Practice Leader: Michael H. Friedman
Breaking into the market with a new idea or product is never an easy process. When seed and late-stage companies seek the help of venture capitalists to expand, the return on investment can be phenomenal. It’s a high-risk adventure to those who know the game, and to play well, it helps to have someone on your team who knows all the rules. Pepper Hamilton LLP has that knowledge, and the experience of representing venture capital, public and private buyout firms, and public employee pension funds in hundreds of investments in seed, early and late stage companies, mezzanine investments and leveraged buyouts.
We represent general partners and investors in fund formation, domestic and foreign tax planning, fund investments in portfolio companies, and the public and private sale of portfolio company investments. When the time comes to move on to a new investment, venture capital clients count on Pepper to help achieve a liquidity event. We’re experienced in a variety of divestiture transactions, including mergers and acquisitions, initial public offerings, management buyouts and private equity sales.

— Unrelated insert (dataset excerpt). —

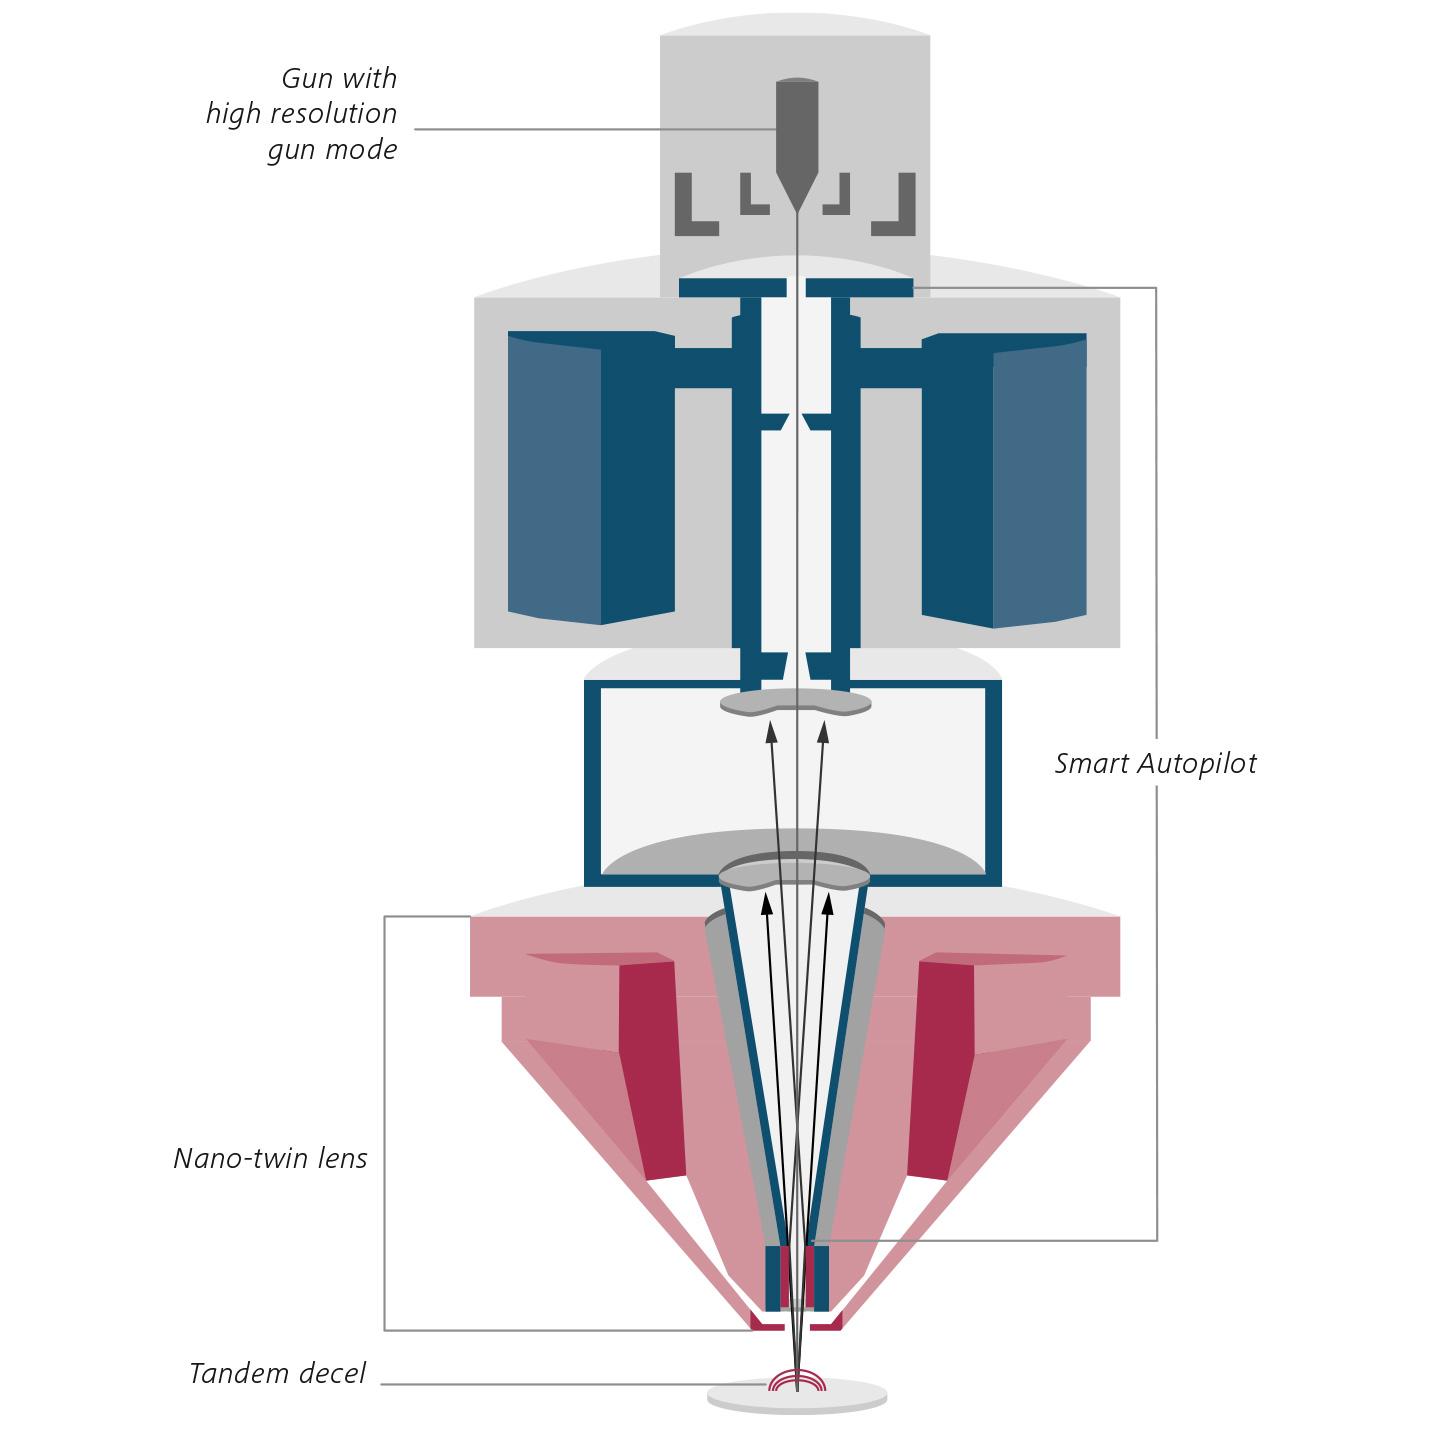 Nuevo diseño óptico de la columna Gemini 3. Sección transversal esquemática de GeminiSEM 560. Lentes dobles de escala nanométrica (rojo), Smart Autopilot (azul).

Choosing to acquire an interest in a seed or later-stage company means choosing to invest in its corporate structure. Our work includes assessment of capitalization, organization formation, suitability of articles of incorporation and legal standing. Our knowledge can help venture capitalists restructure a target company to provide greater value. We also counsel on building alliances with other venture capital participants in the transition.
When you hire Pepper, you gain access to a vast repository of institutional legal and business knowledge, and a large network of valuable business contacts. Among our attributes, Pepper has one of the leading national practices involving the formation and operation of Small Business Investment Companies (SBICs).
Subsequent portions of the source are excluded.